##### SOURCE MATERIAL #####

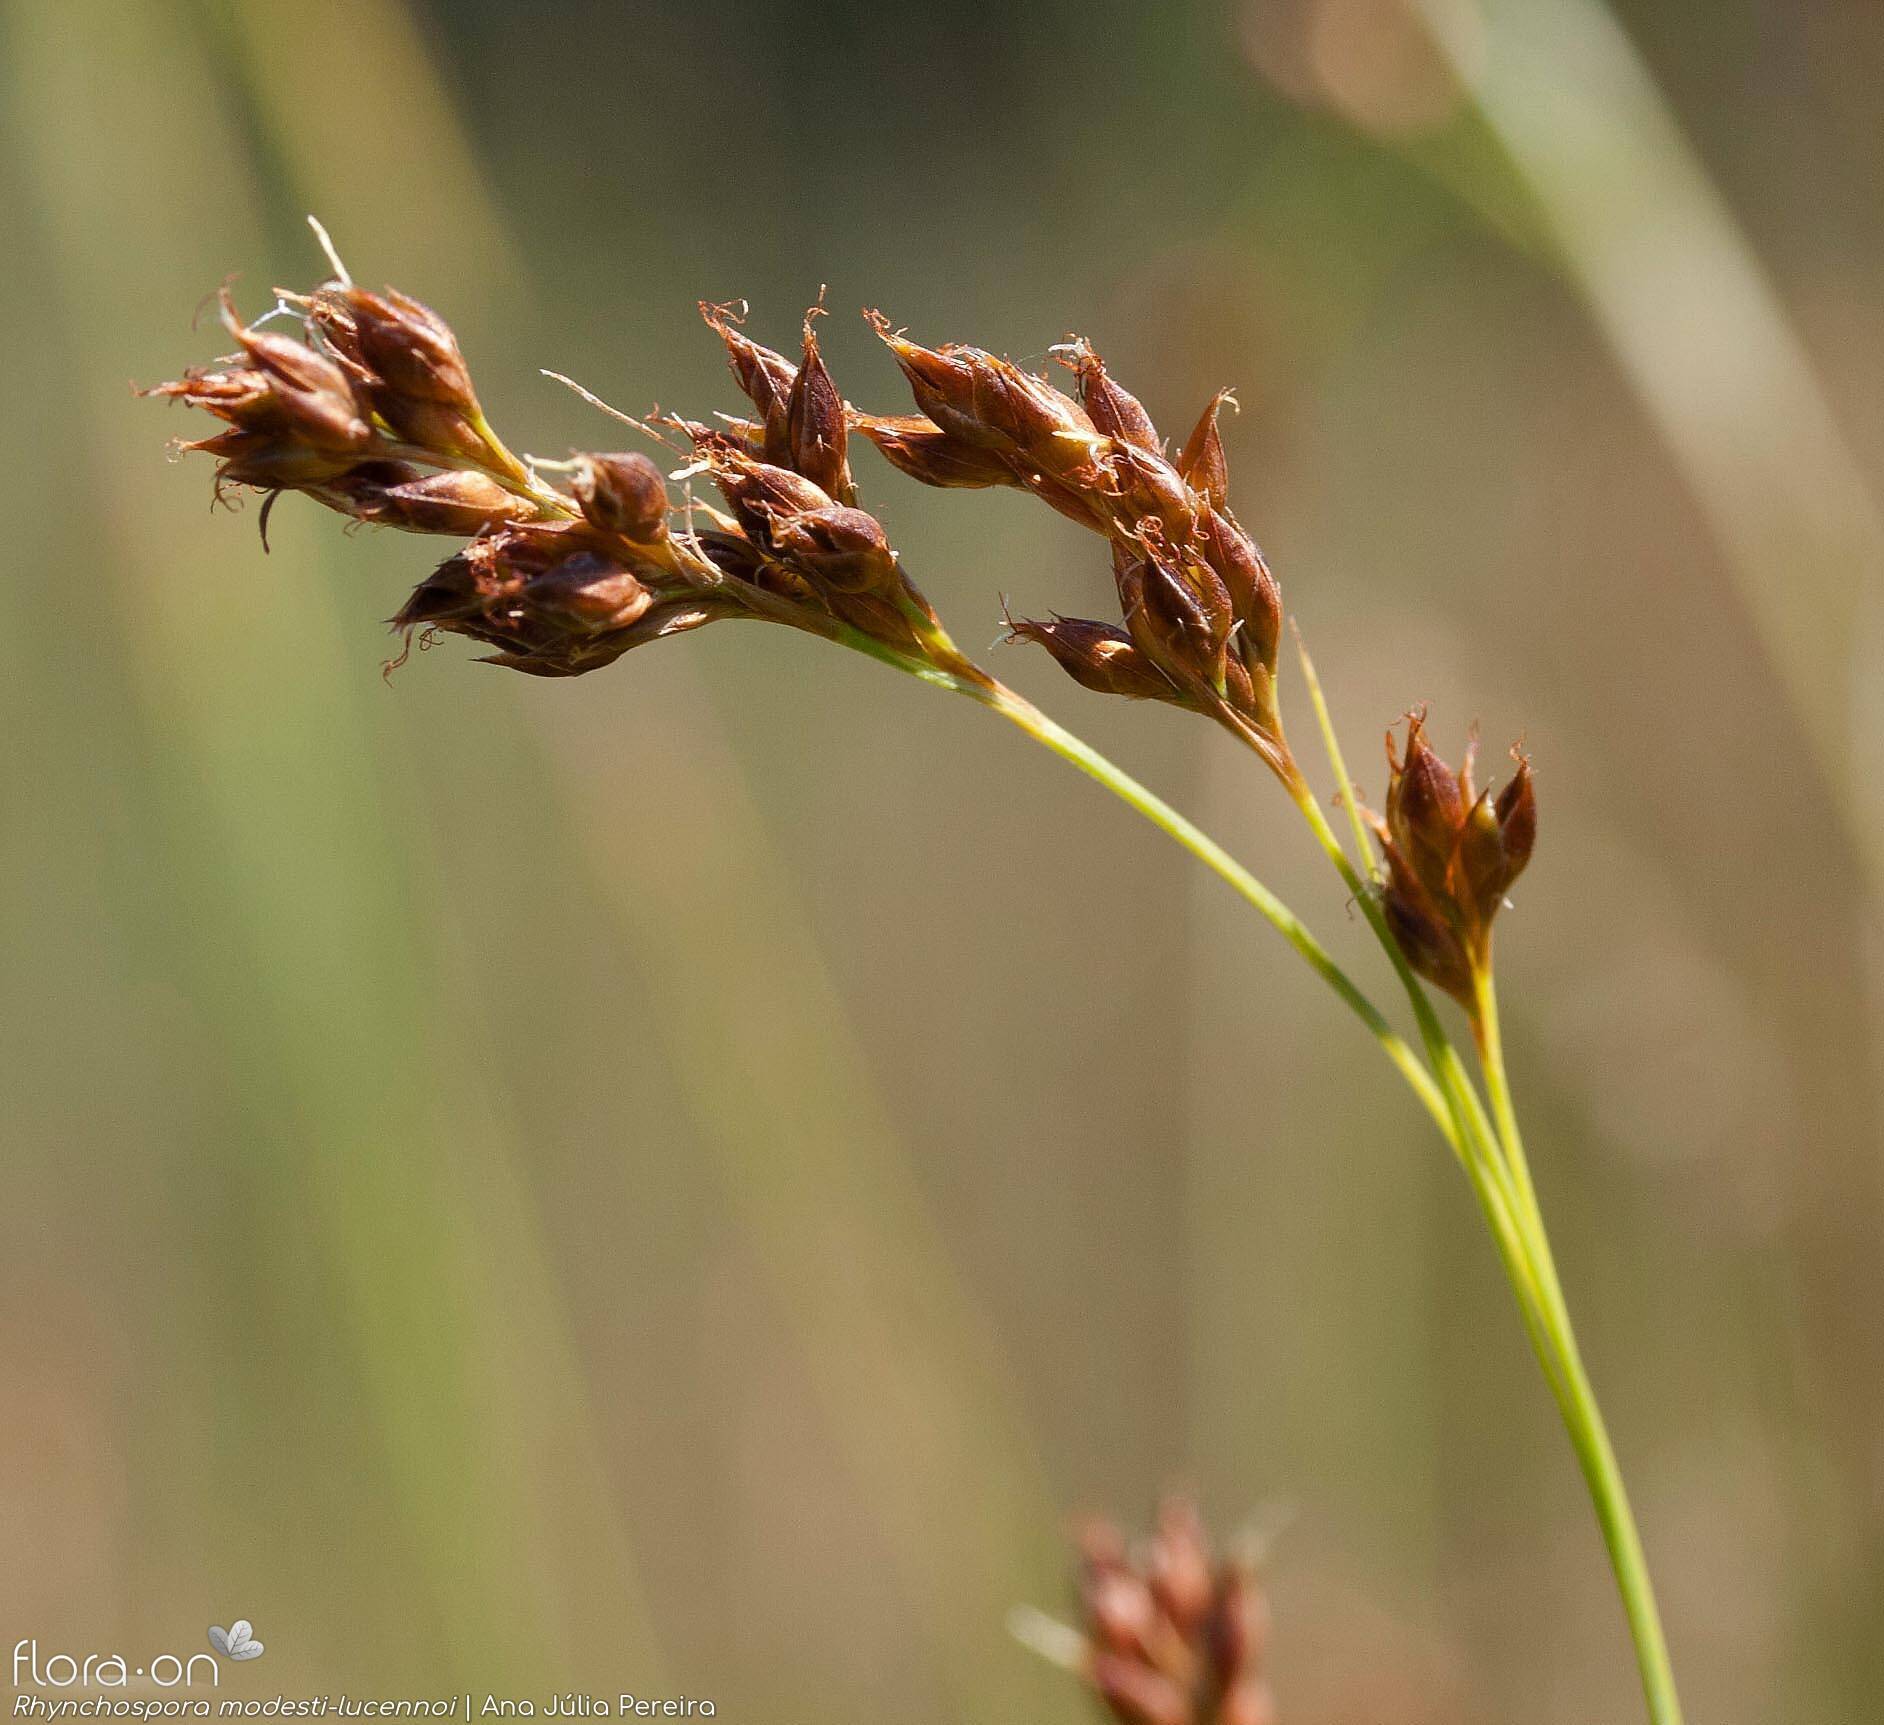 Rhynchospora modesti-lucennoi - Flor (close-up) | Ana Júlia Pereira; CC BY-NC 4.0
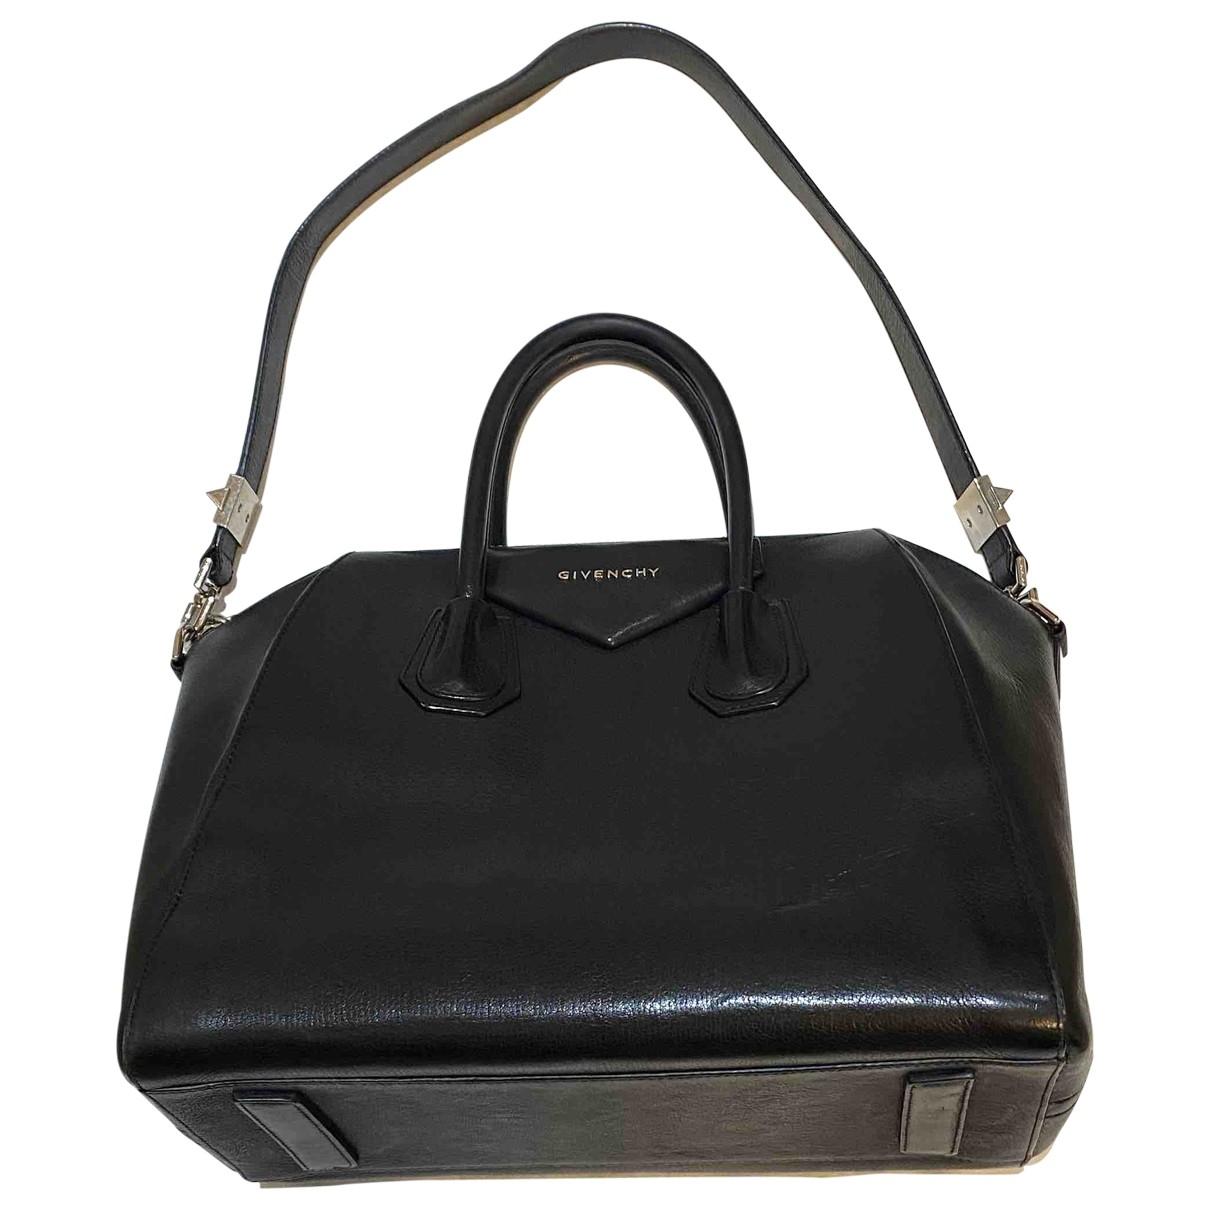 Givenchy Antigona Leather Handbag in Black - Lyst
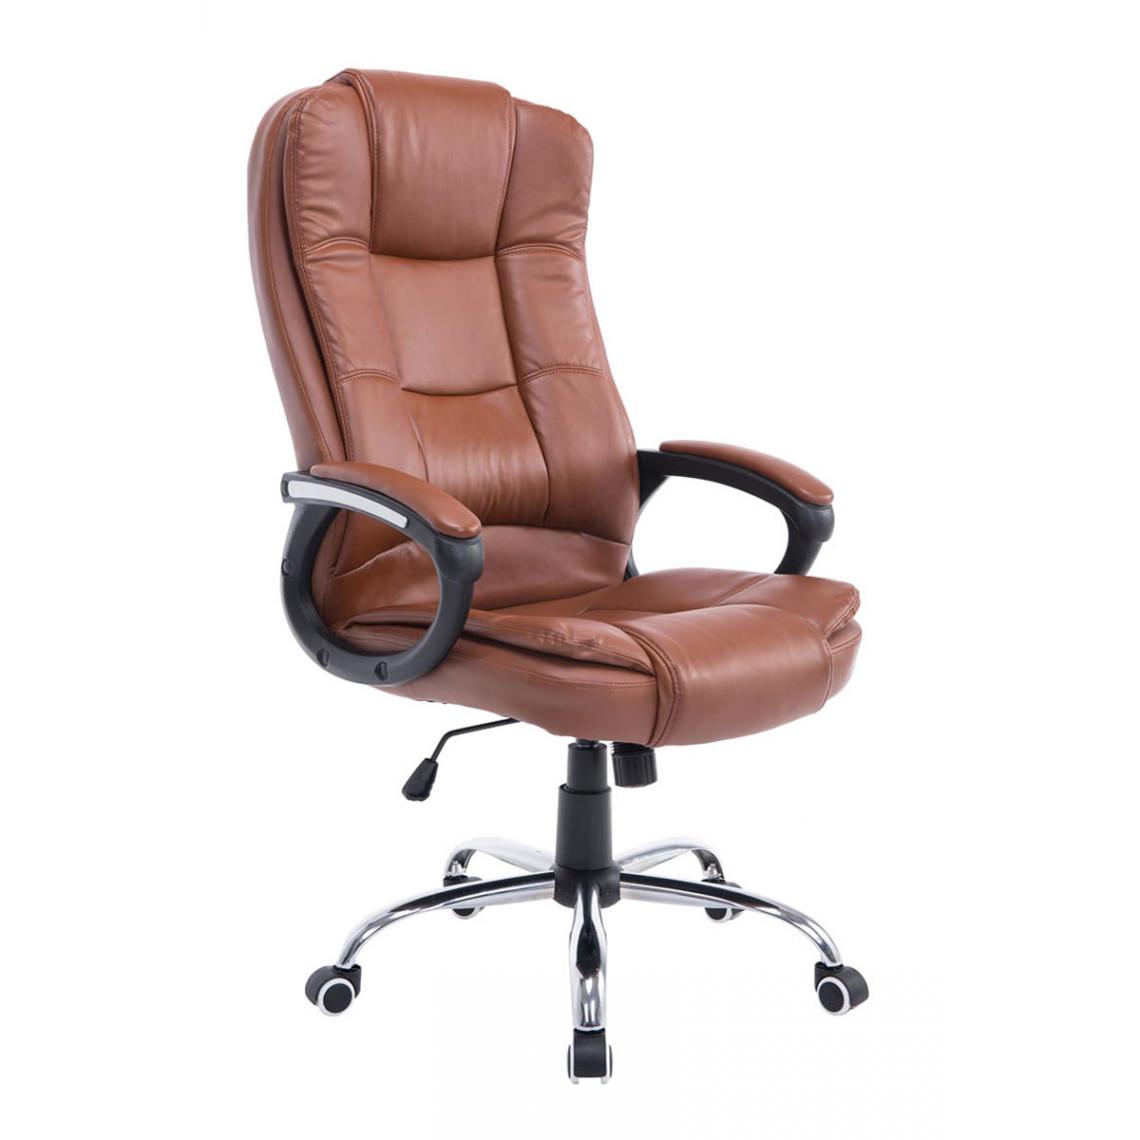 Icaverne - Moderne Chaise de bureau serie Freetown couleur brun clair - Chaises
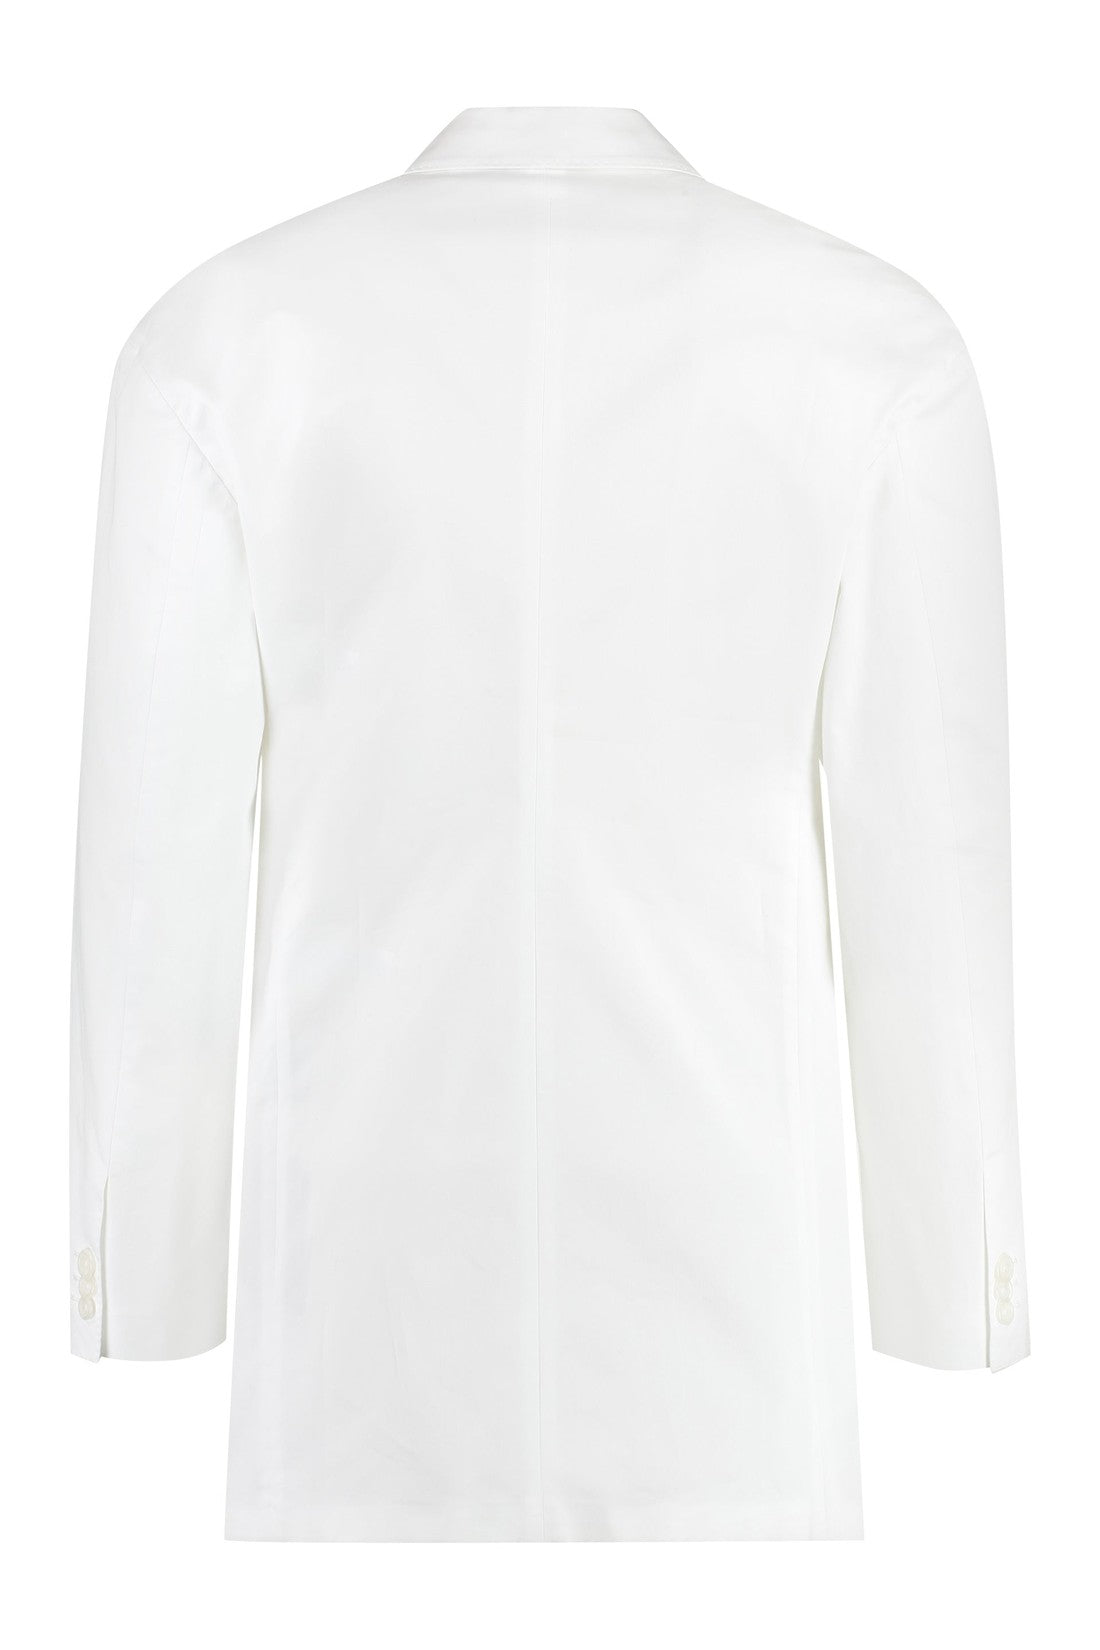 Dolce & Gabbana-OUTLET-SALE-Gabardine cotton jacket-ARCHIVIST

#####

WORK INSTRUCTIONS:
For this exercise, give the listing again exactly as written, with the pictures omitted.

TASK SOLUTION:
 Rhynchospora modesti-lucennoi - Flor (close-up) | Ana Júlia Pereira; CC BY-NC 4.0
 Givenchy Antigona Leather Handbag in Black - Lyst
 Icaverne - Moderne Chaise de bureau serie Freetown couleur brun clair - Chaises
 Dolce & Gabbana-OUTLET-SALE-Gabardine cotton jacket-ARCHIVIST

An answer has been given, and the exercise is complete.